Corrupção
«Há uma boa miúda num bar de alterne que nos vai ajudar a apanhar os bandidos». A ideia está no filme produzido por Alexandre Valente, embora as palavras possam não ser exactamente estas, e resume o plot. A ficcionalização da história real – Sofia é contactada por um polícia antes de conhecer o Presidente do Clube e desvia-se do bom caminho porque se apaixona por «Luís» não convence ninguém. O que é grave num filme que se pretende um retrato realista da degradação moral do mundo de futebol e da sociedade portuguesa, partindo de uma história real.A sequência da orgia sexual, que forneceu imagens à campanha publicitária, é dispensável. A maior parte das mulheres têm um ar boçal, o que podia ser um efeito pretendido. Os homens não parecem árbitros de futebol, mas actores porno, o que não surpreende.

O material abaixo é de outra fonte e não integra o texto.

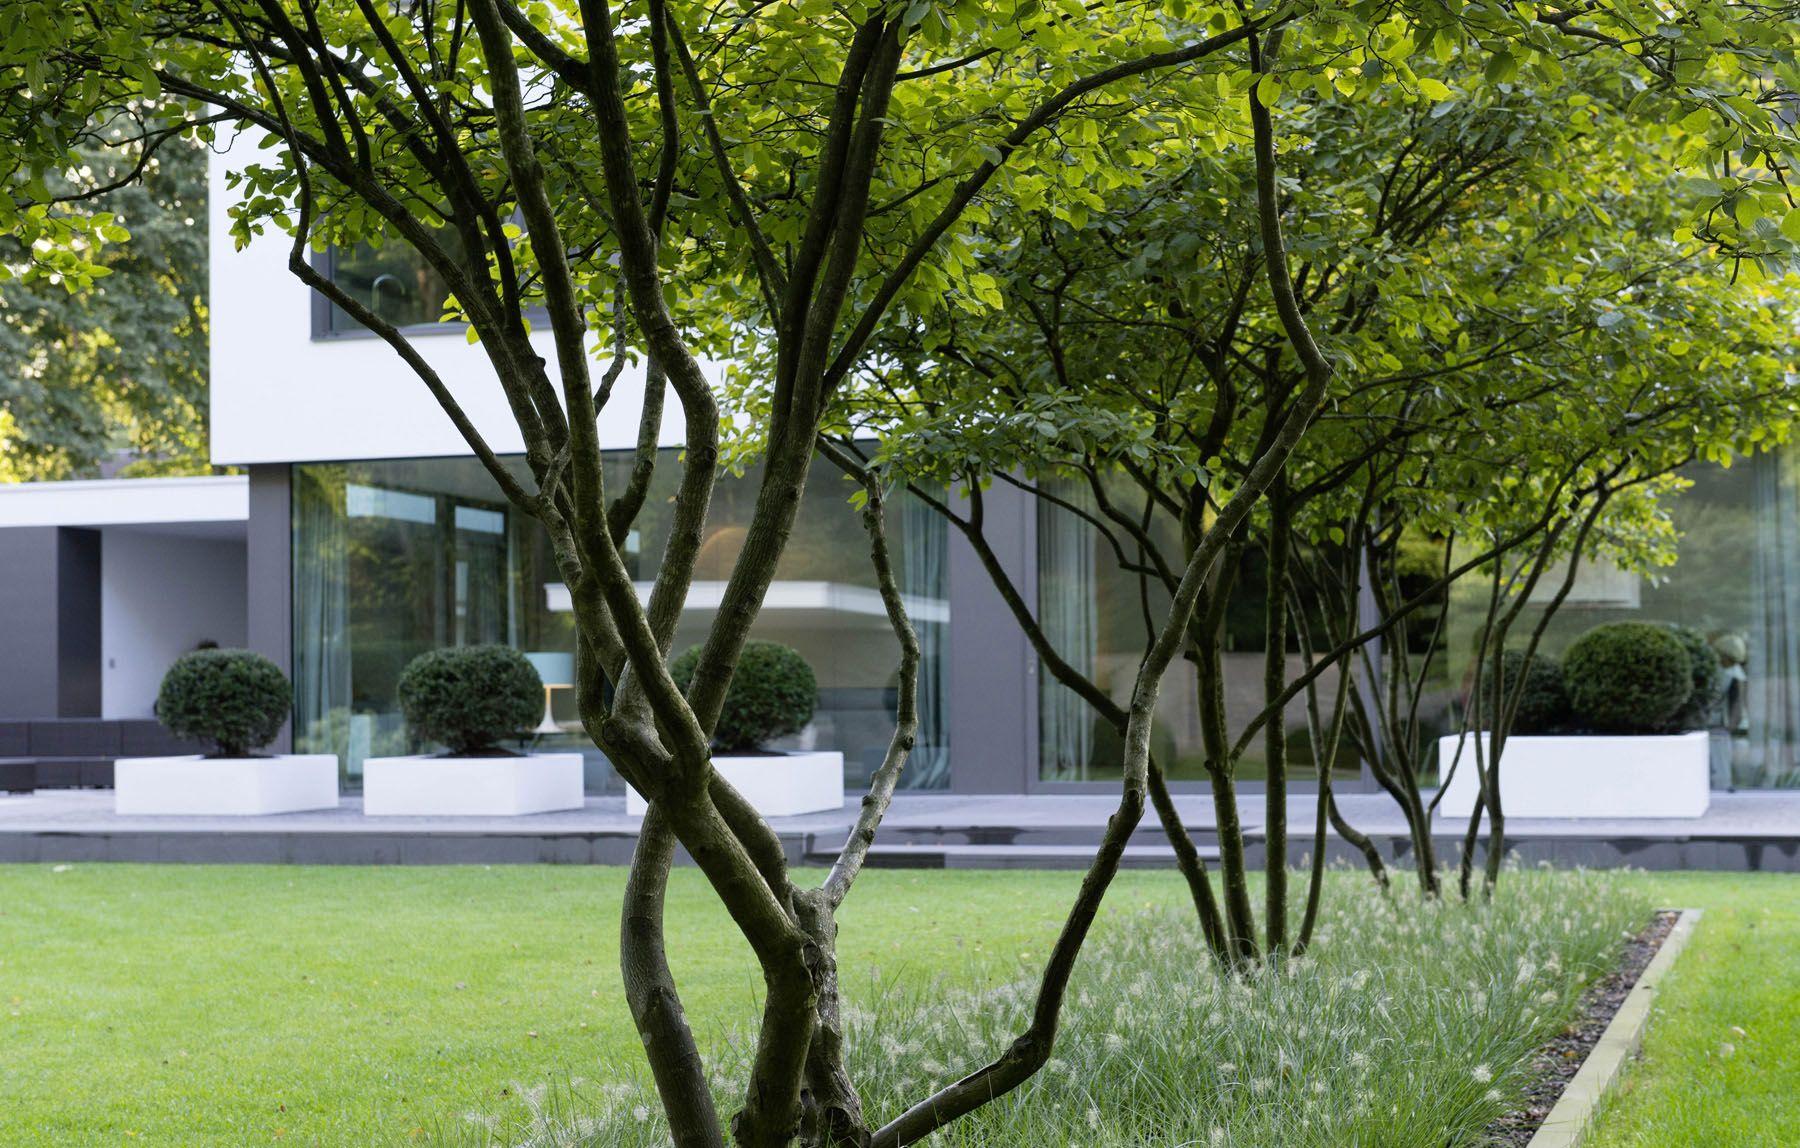 moderne gartenarchitektur köln- villengarten 1 - gartenplus - die ... - Gartenarchitektur

O filme desilude? Sim. O filme está aquém das intenções de João Botelho e dá a entender que mesmo a versão final ficará aquém das expectativas dos espectadores? Sim. Arrependi-me de ver o filme? Não me arrependi e talvez o facto se deva a excesso cinéfilo da minha parte. Um filme é uma obra muito complexa e há quase sempre um aspecto que se aproveita. Neste caso, as interpretações de Margarida Vila-Nova e Nicolau Breyner, secundados por outros bons actores: Vergílio Castelo, Rita Blanco, Ruy de Carvalho, etc. Salva-se também um ou outro plano brilhante. E, nas categorias técnicas, a montagem, o guarda-roupa e a cenografia.
Não sei se a minha cinefilia militante chegará para ver a «versão do realizador». Mas tenho uma curiosidade: os 17 minutos que faltam devem atribuir-se apenas ao arrojo comercial do produtor ou à existência de cenas incómodas com personagens «elitistas e sulistas»?